Everyone wants clarity. We want the comfort of knowing we are doing the right thing or that we are meeting the targets we and others set. Workplace safety is no different but it has been complicated to an extent that clarity is unachievable and so uncertainty has come to dominate.
Occupational health and safety (OHS) consultants are often asked by business, small business in particular, “just tell us how to comply”. Once upon a time this could be done but now the best a consultant can do is say something like “I reckon you’ll be okay, ……. if you follow through with the commitments needed, and keep your state of knowledge up to date, and take out as many liability insurances as you can, and become a member of an industry association ….and……..and…..”
The cult of “reasonably practicable” has been a major cause of this uncertainty but even prior to this was the move in Australia in the 1990s from a prescriptive regulatory structure to performance-based.
OHS compliance is now at the stage of the “best guess” or an “educated guess”, if one is lucky.
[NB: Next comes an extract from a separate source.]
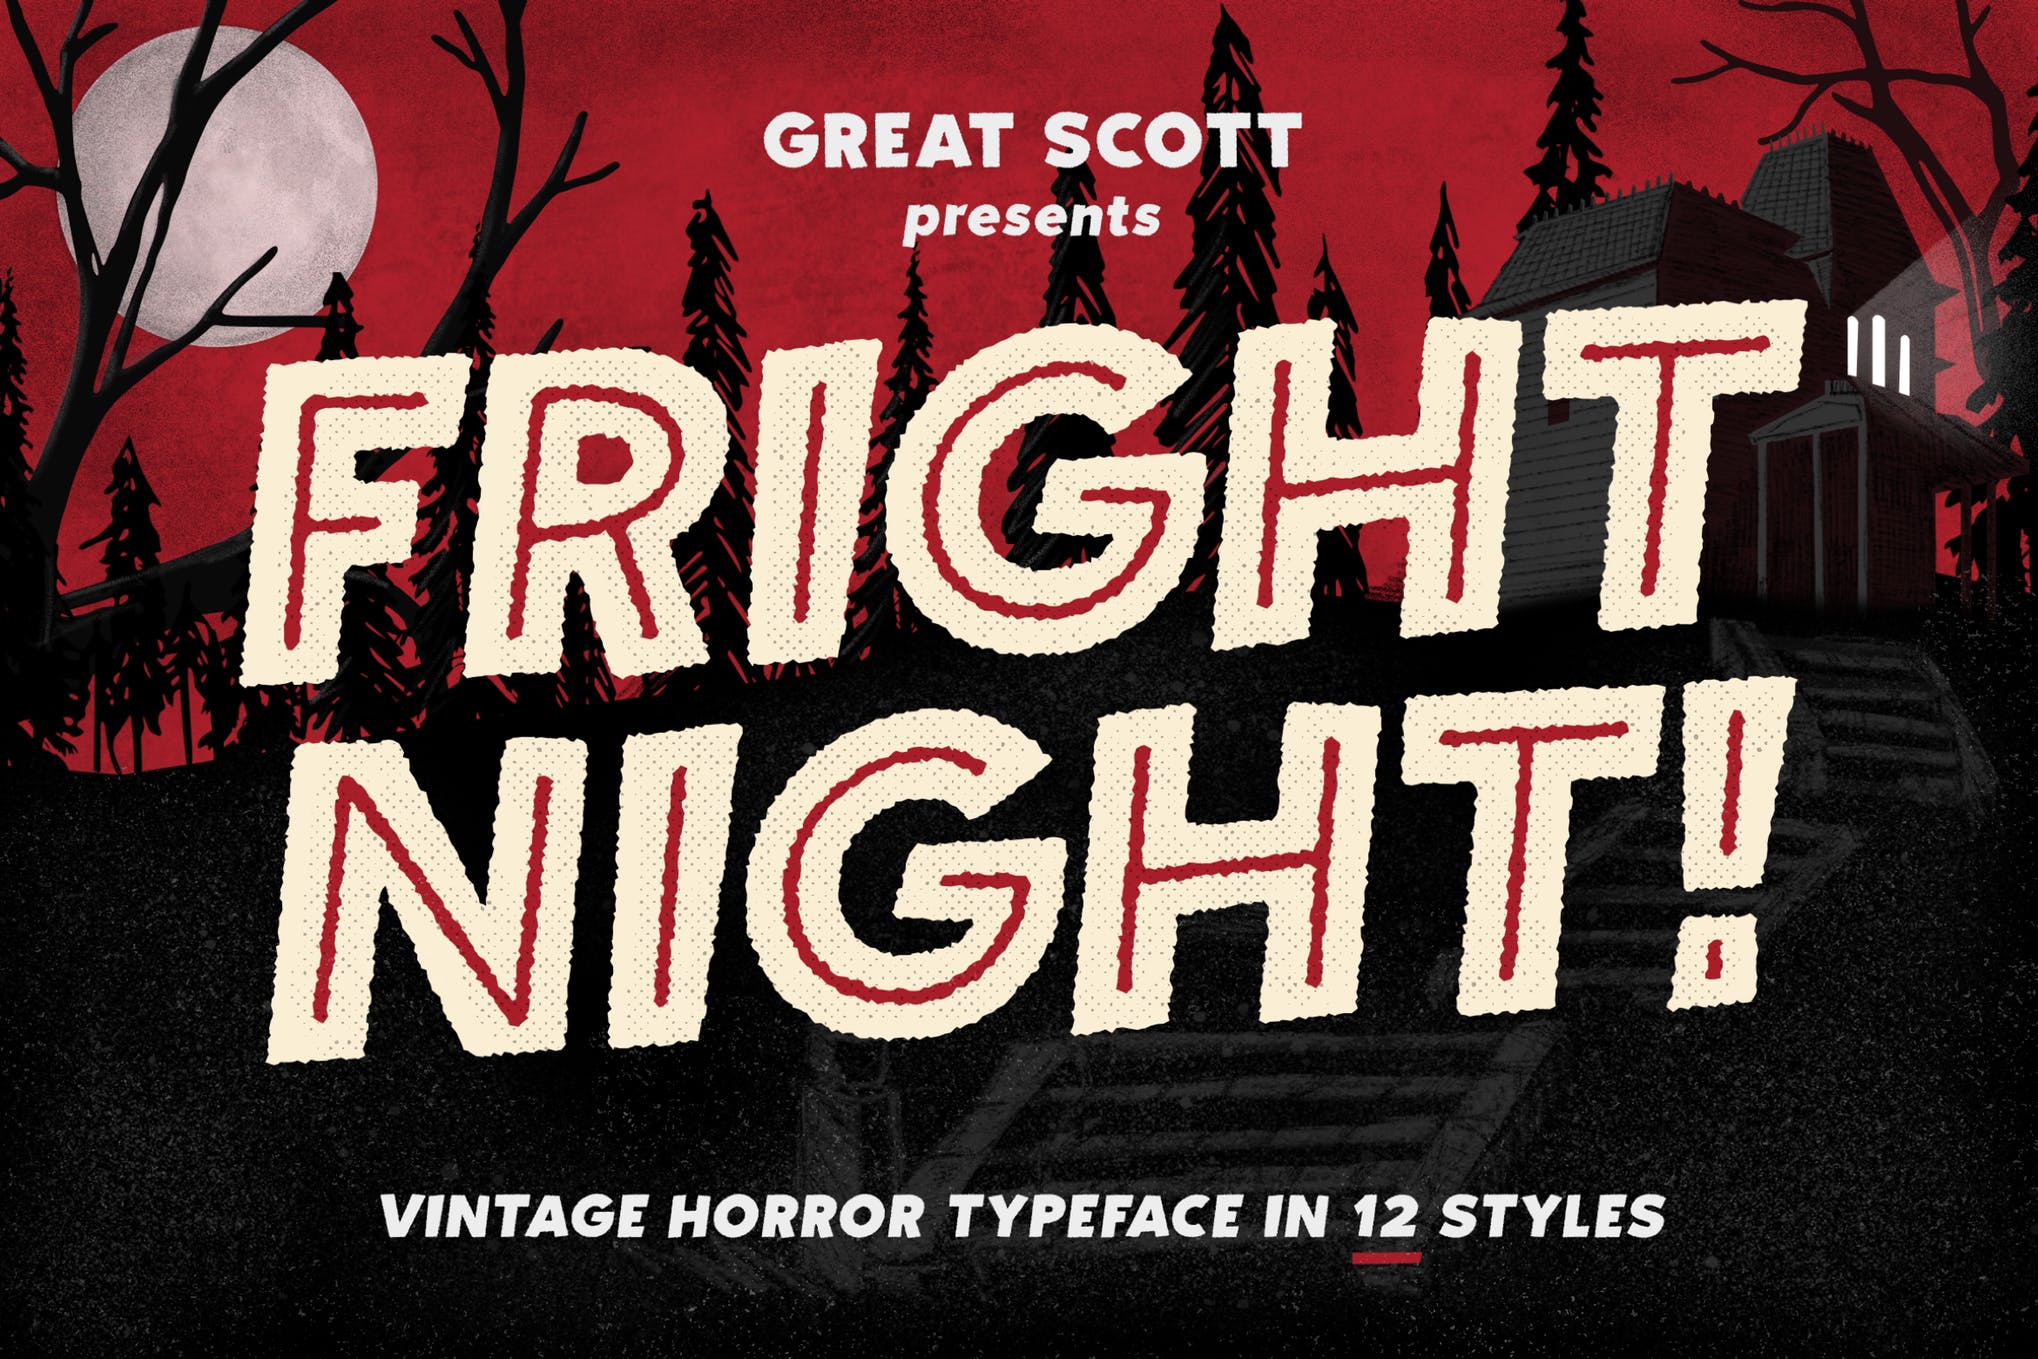 Great Scott presents Fright Night Vintage Horror Typeface in 12 Styles - Halloween Fonts for 2019

This “best guess” situation is seen as increasing the level of risk or exposure on small business owners but a quick look at the history of OHS in Australia will show that the risk has not increased. It is only that the level of responsibility, that was always on employers, cannot now be avoided. Where previously one could say that “WorkSafe said it [whatever it was] complies”, now one must take ownership of the risk and the responsibility by stating that “I believe this complies”. The obligation for a safe workplace resides exclusively with the person or organisation who gains the most benefit from the production of that company where in the past one could argue that the responsibility was shared with the regulator.
In the prescriptive era, business and industry associations decried the interference of government OHS agencies as being limiting and pedantic and prescription became a pejorative word. So OHS regulators and governments of the day embraced performance-based measures that reduced the policing aspect of the inspectorate and allowed employers to determine and control their risks.
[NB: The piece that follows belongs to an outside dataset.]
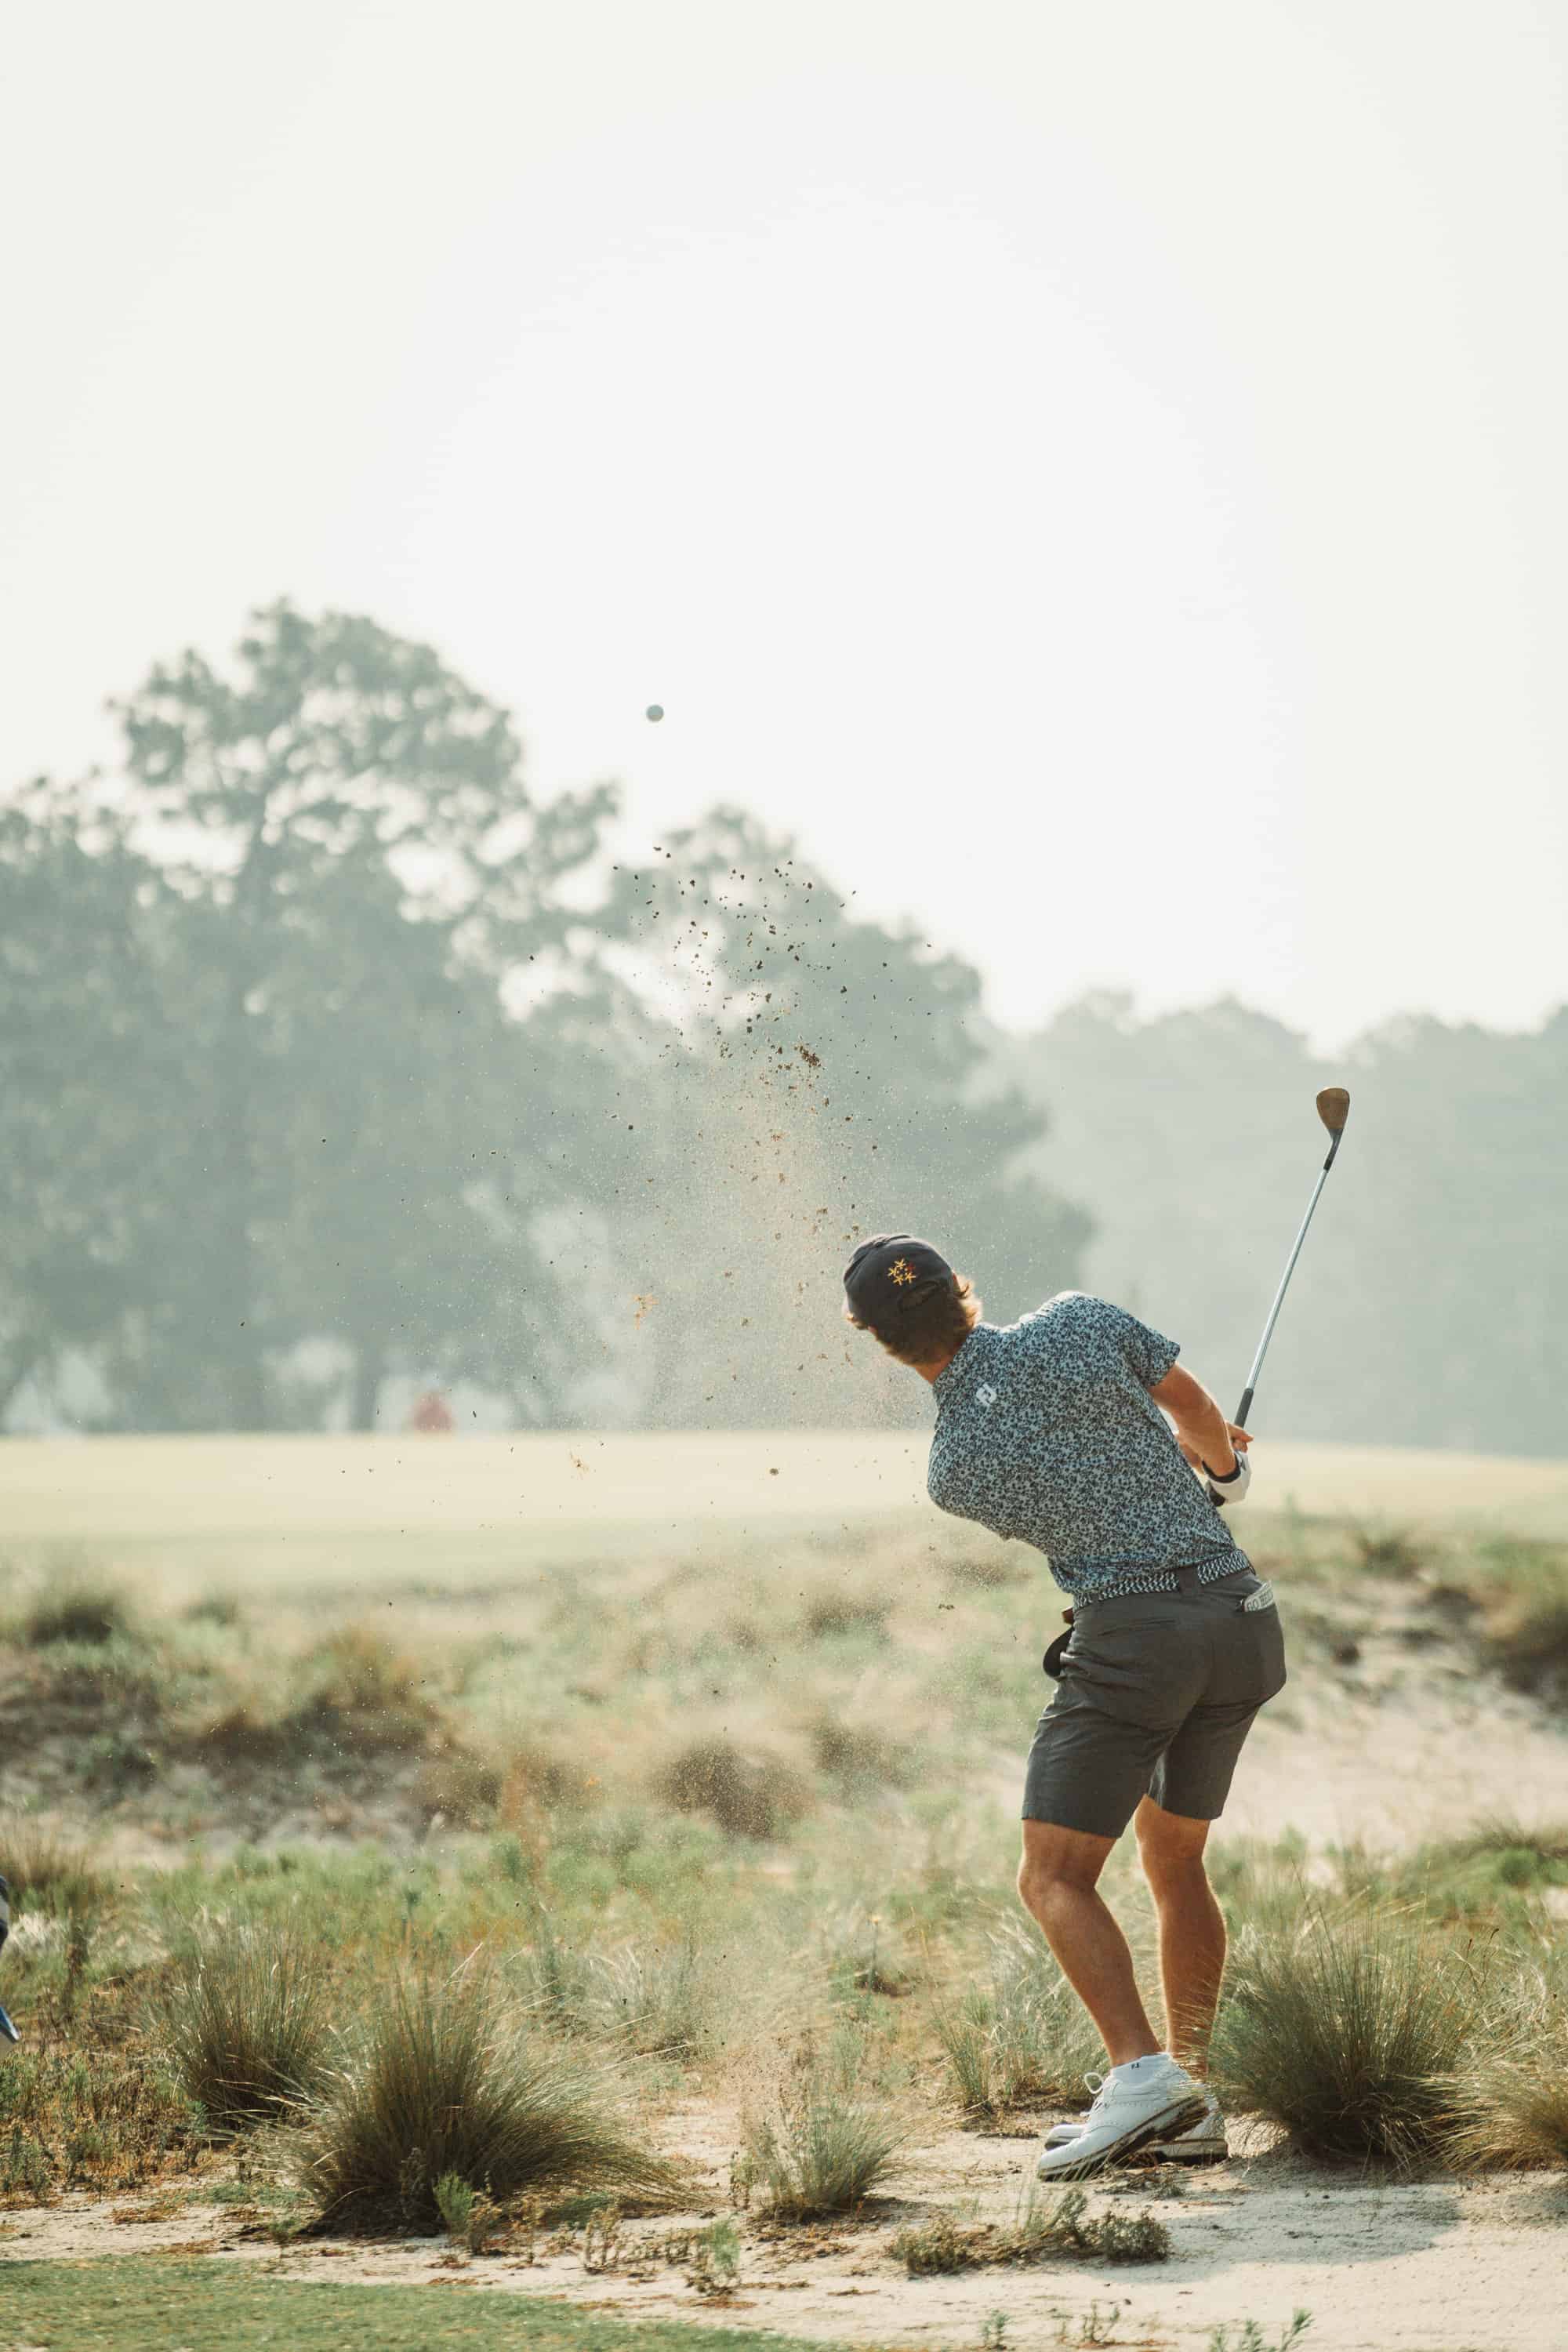 David Ford plays from the native area on Pinehurst No. 2. (Photo by Zach Pessagno)

Yet in this century, business and industry associations continue to complain about regulations, interference and red tape. Largely the current complainants are those seeking compliance with OHS laws instead of seeking safety, regardless of laws. If one focuses on safety and the reduction of harm, if one begins to accept the responsibility for OHS and act like a grown-up, the sources of tension, the sources of uncertainty – the regulations, the interference and the red tape – disappear or at least fade considerably. Business can achieve clarity on workplace safety when it stops looking at the laws and begins looking at the OHS principles.
Many business owners repeat the mantra of “everyone goes home the same way they came to work” [I always think this means if you traveled in by train, you go home by train, or if you come to work with a hangover, you can go home with one] but they usually impose this on OHS regulatory obligations rather than seeing the mantra as a moral and social obligation to their workers, independent of the laws.
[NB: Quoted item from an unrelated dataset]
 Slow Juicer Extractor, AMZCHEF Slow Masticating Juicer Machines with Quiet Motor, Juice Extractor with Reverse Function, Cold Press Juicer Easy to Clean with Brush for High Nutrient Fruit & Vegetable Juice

Britain is an example of a country whose business groups struggle to work with OHS laws, they struggle to see beyond compliance and they have come to hate the Health and Safety Executive as the embodiment of OHS compliance. The Government has responded by eliminating OHS compliance for some sectors of the economy without replacing it with the values or morals required to keep from hurting people.
As Australia officially enters election mode for the next few weeks, similar lobbying by the business groups will be re-energised for the easing of OHS regulations. The UK strategy may even by advocated locally. But the lesson from Britain is that there should never be a void in changing OHS laws.
In the 1990s Australia moved from prescriptive OHS laws and regulations to performance-based but it moved from something to something else. Britain has moved from something to nothing. Business has moved from clarity (even though that clarity was resented) to what they perceive as a freedom but it is a false freedom of the type that is likely to penalise workers.
Regulatory or policy change on OHS must first establish a direction, and a future, before it dispenses with the old. Britain has failed to do this and Australia is contemplating the same risk. All parties need to focus on safety as a priority and compliance as a lesser issue for by attending to safety first, compliance will come.
Great article! From observation most organisations have a clear understanding of what they do and engaged with their people to develop clear systems and procedures to protect their people from harm, but are hampered in their efforts by interpretation of this by someone sitting on the 20th floor of some building 500k away.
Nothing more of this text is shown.